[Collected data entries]
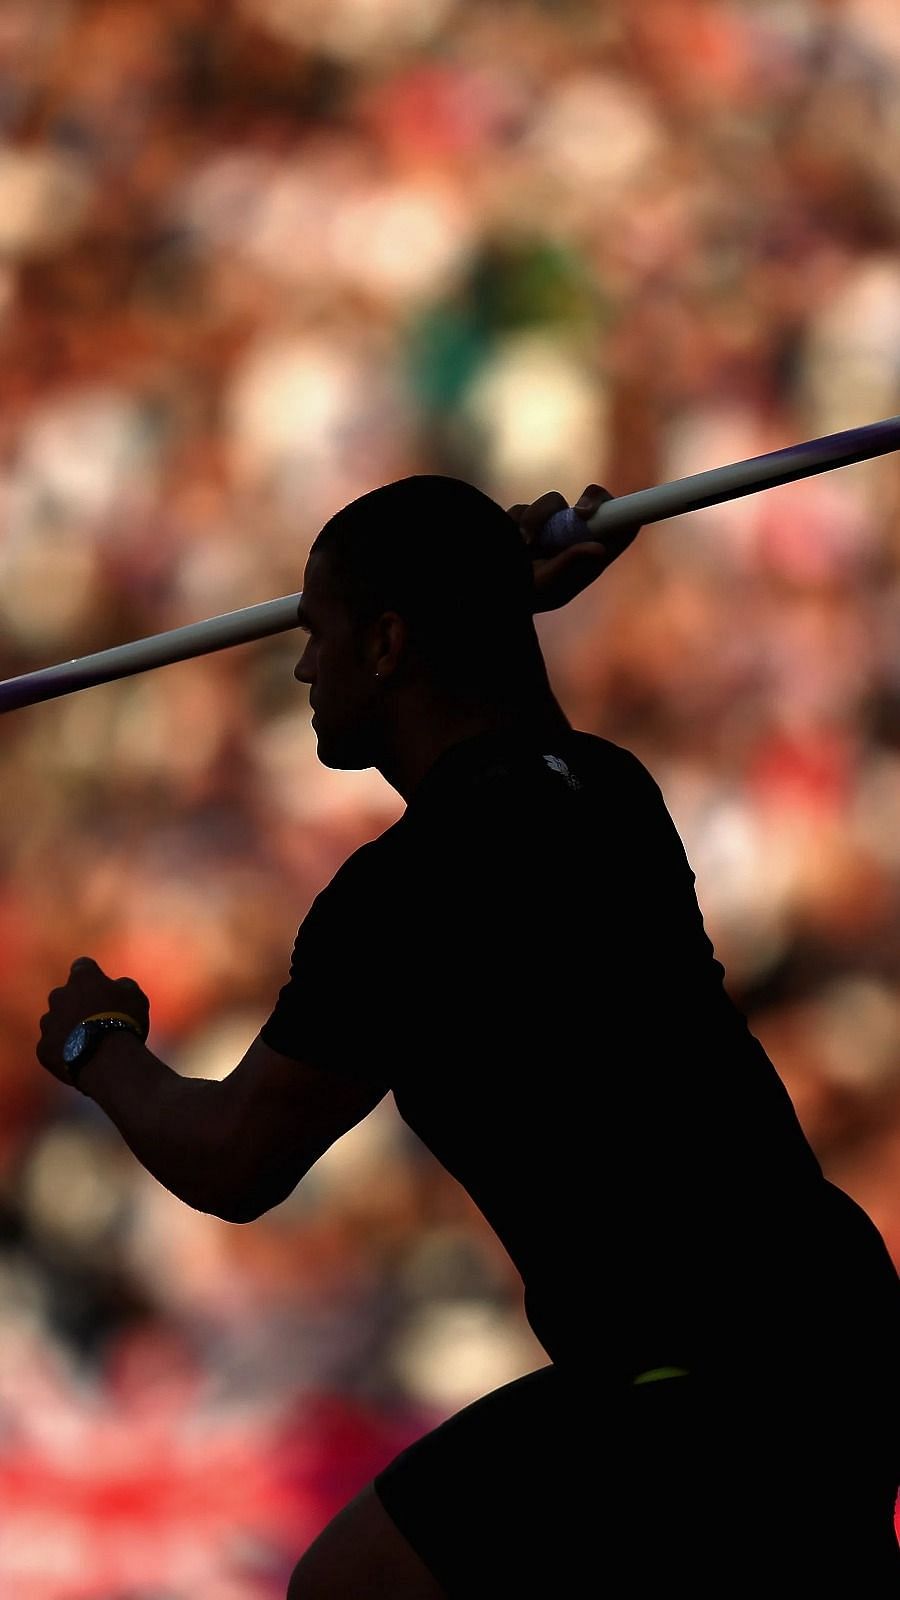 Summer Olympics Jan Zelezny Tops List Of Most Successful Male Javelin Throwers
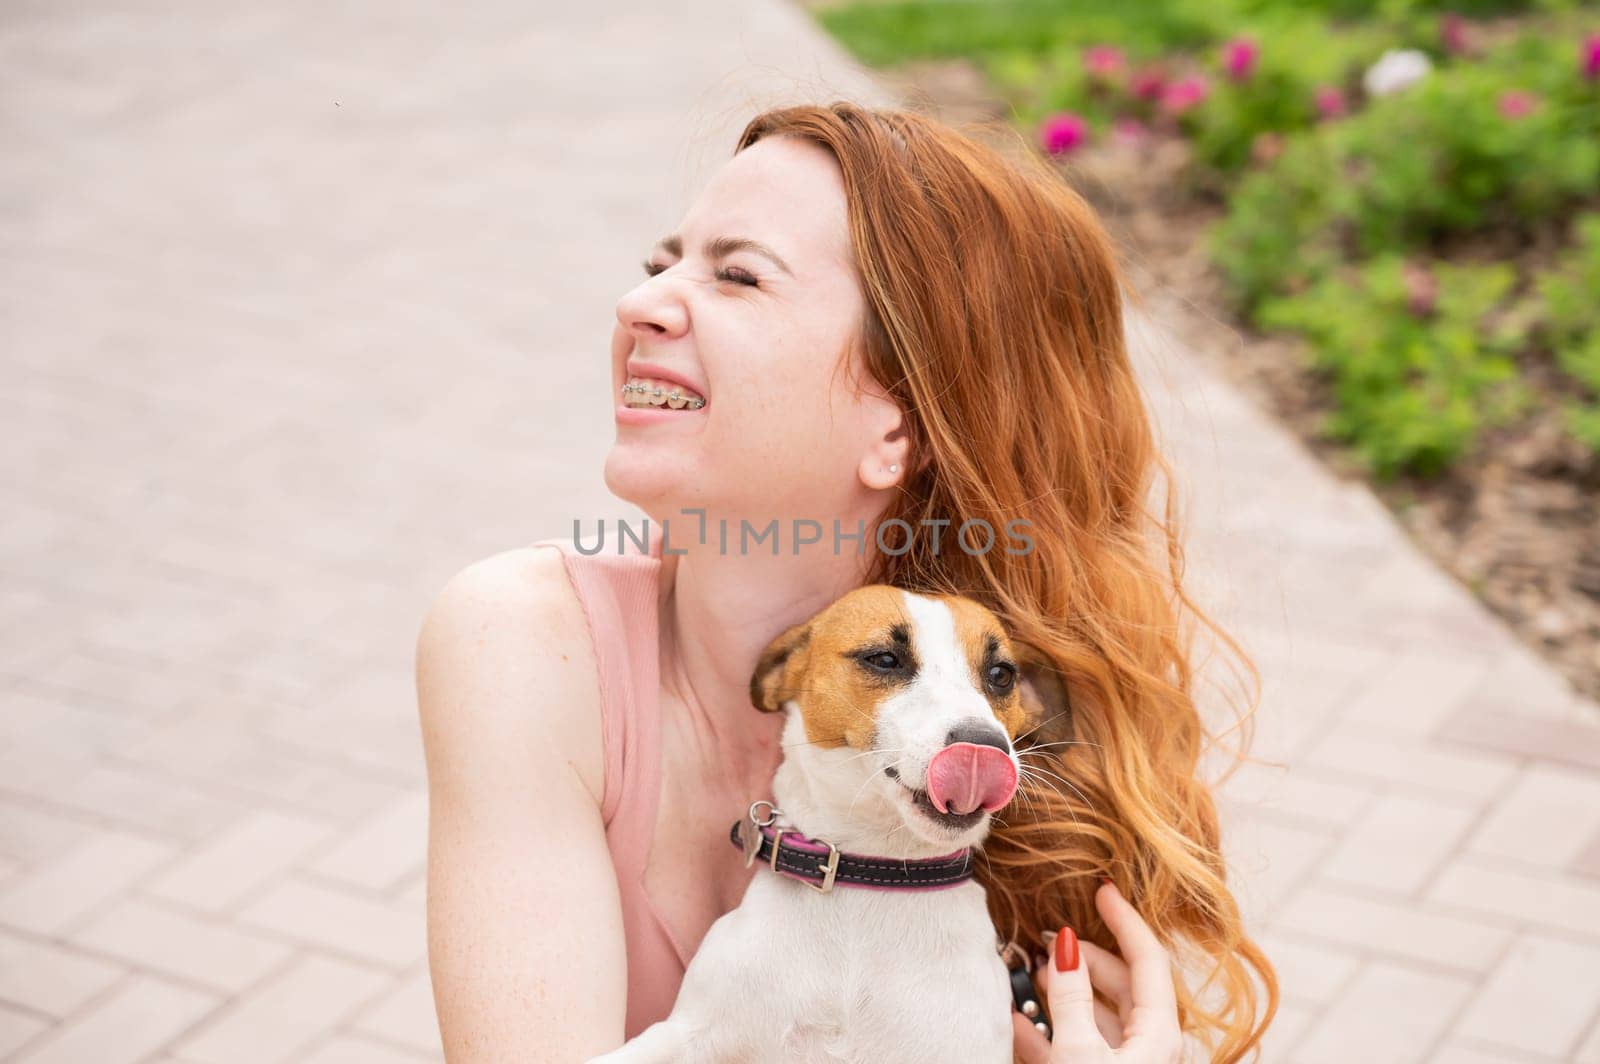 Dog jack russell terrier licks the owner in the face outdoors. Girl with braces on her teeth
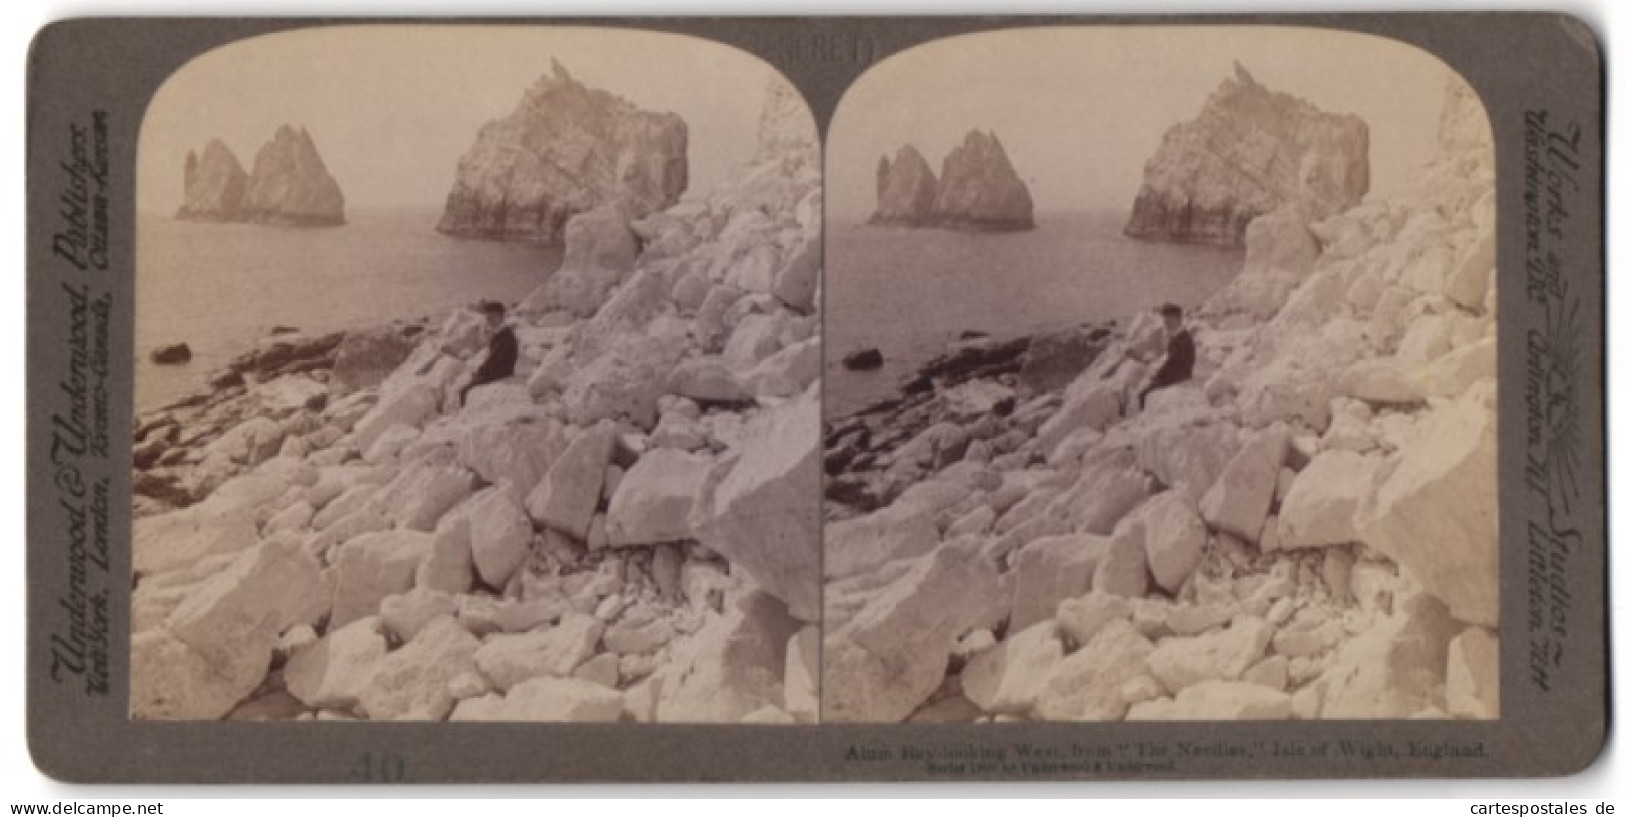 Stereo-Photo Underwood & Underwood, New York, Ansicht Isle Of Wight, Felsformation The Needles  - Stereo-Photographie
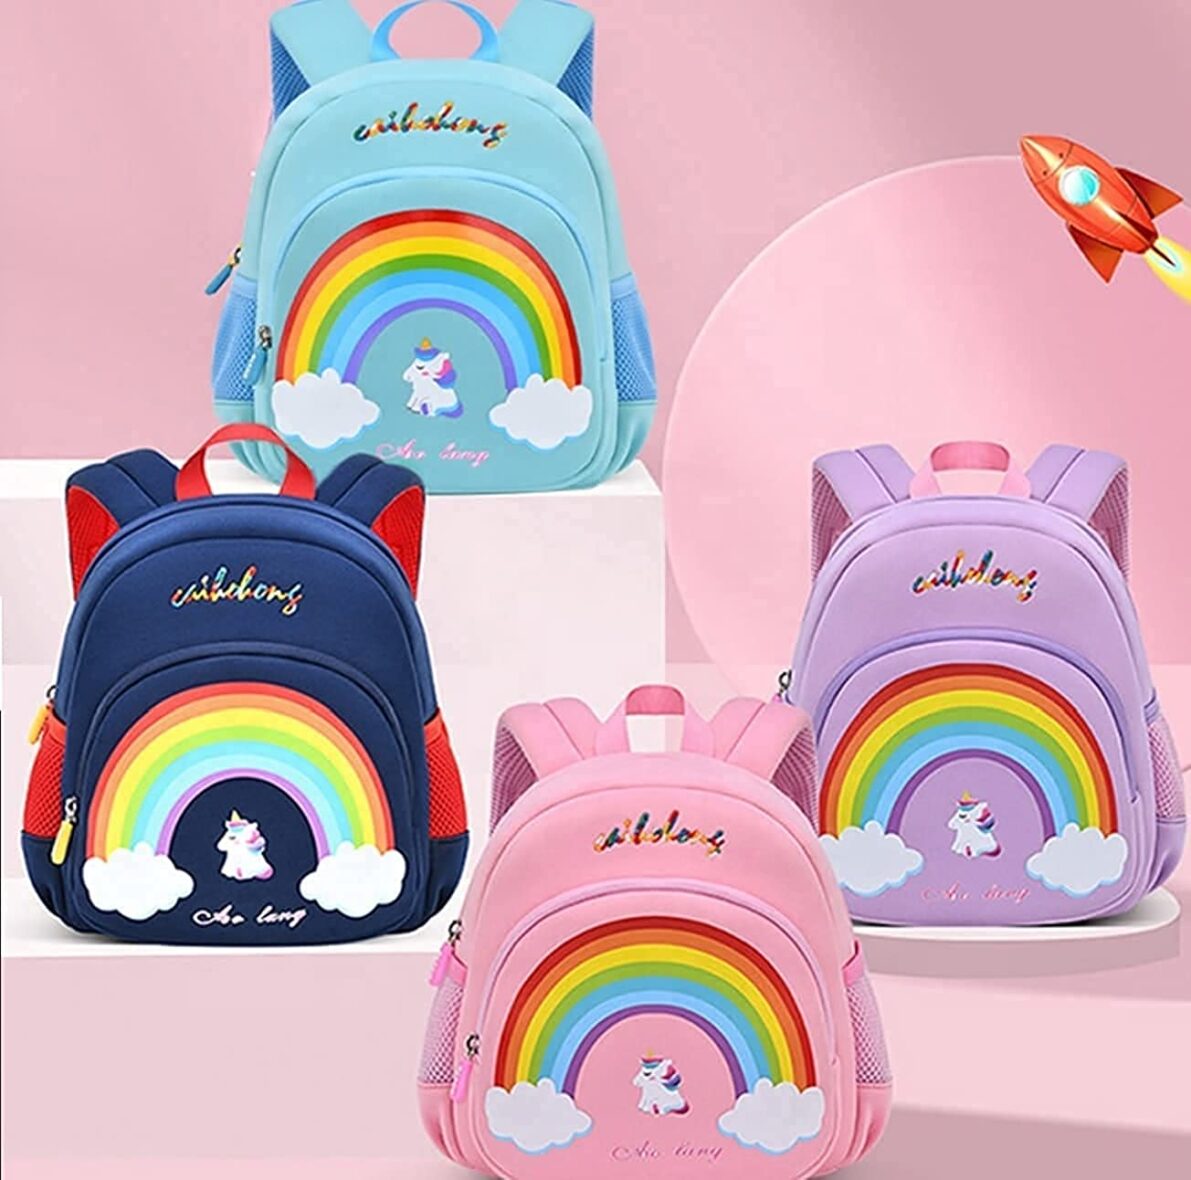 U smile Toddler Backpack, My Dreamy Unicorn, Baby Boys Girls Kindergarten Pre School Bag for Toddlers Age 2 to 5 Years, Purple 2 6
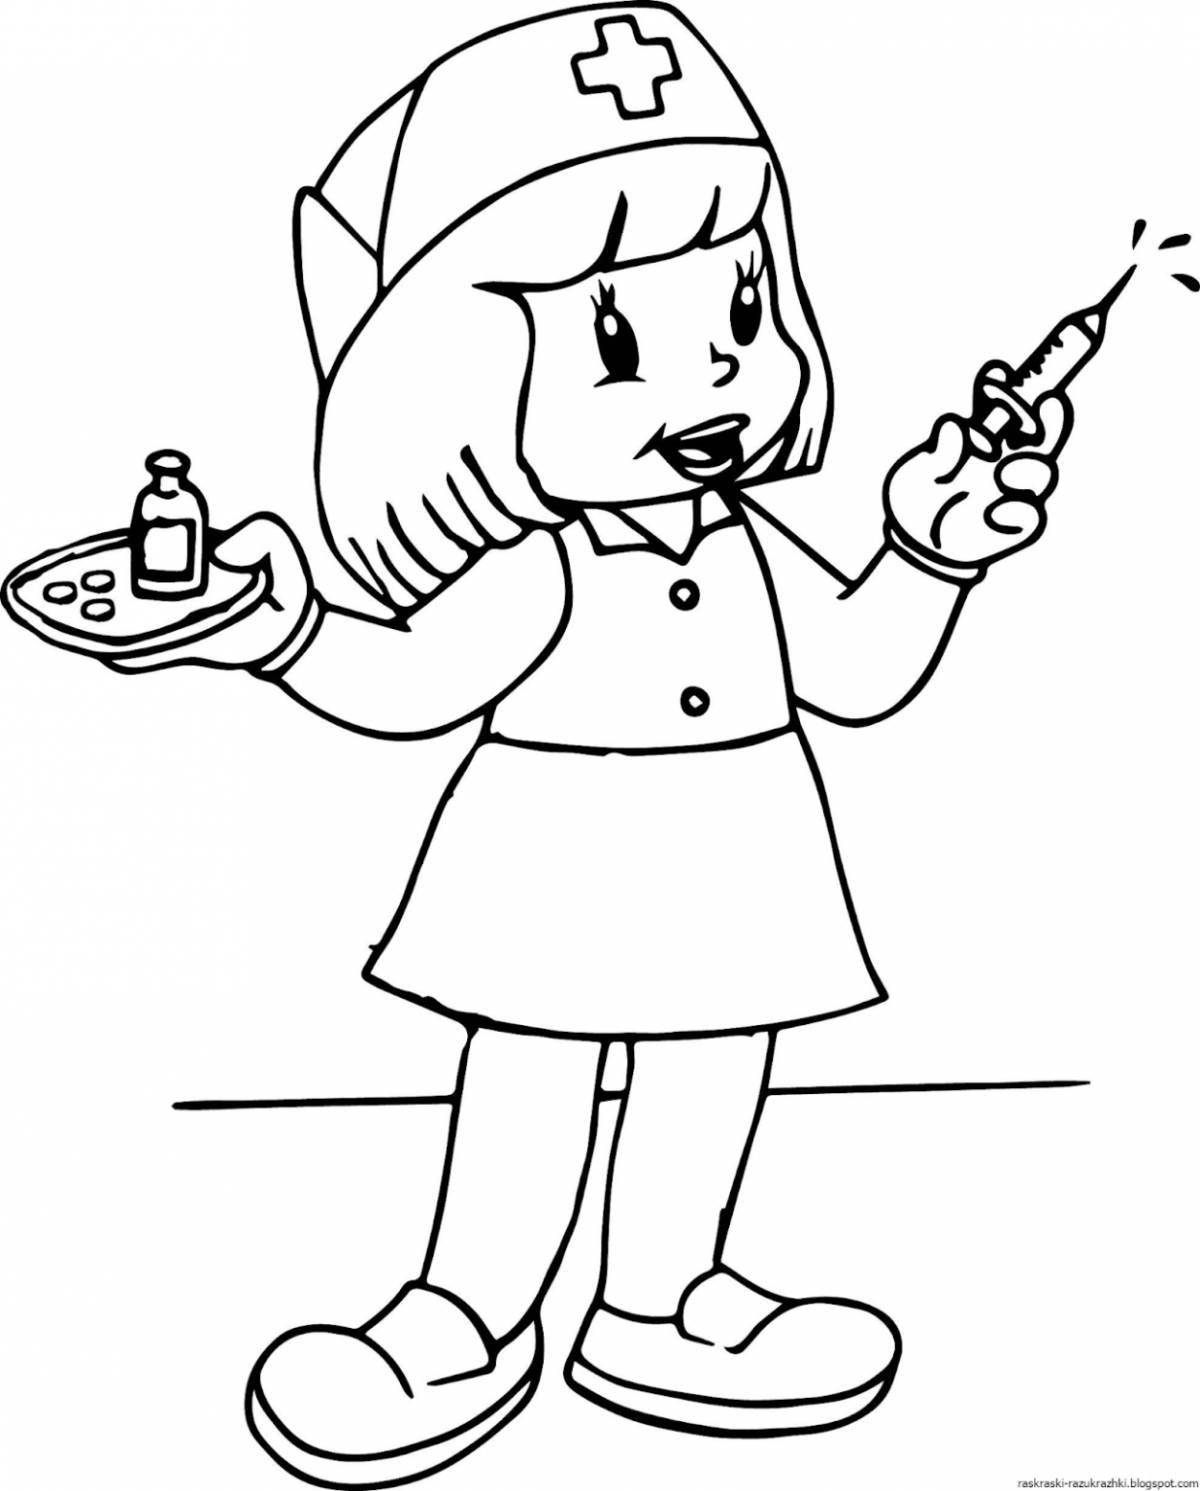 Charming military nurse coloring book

▶ [EXERCISE DETAILS]
Retype the line containing "U smile Toddler" and each line after it through the last line of the entries above, exactly, with no pictures and nothing else.

▶ [ANSWER FOR THE TASK]
 U smile Toddler Backpack, My Dreamy Unicorn, Baby Boys Girls Kindergarten Pre School Bag for Toddlers Age 2 to 5 Years, Purple 2 6
 Charming military nurse coloring book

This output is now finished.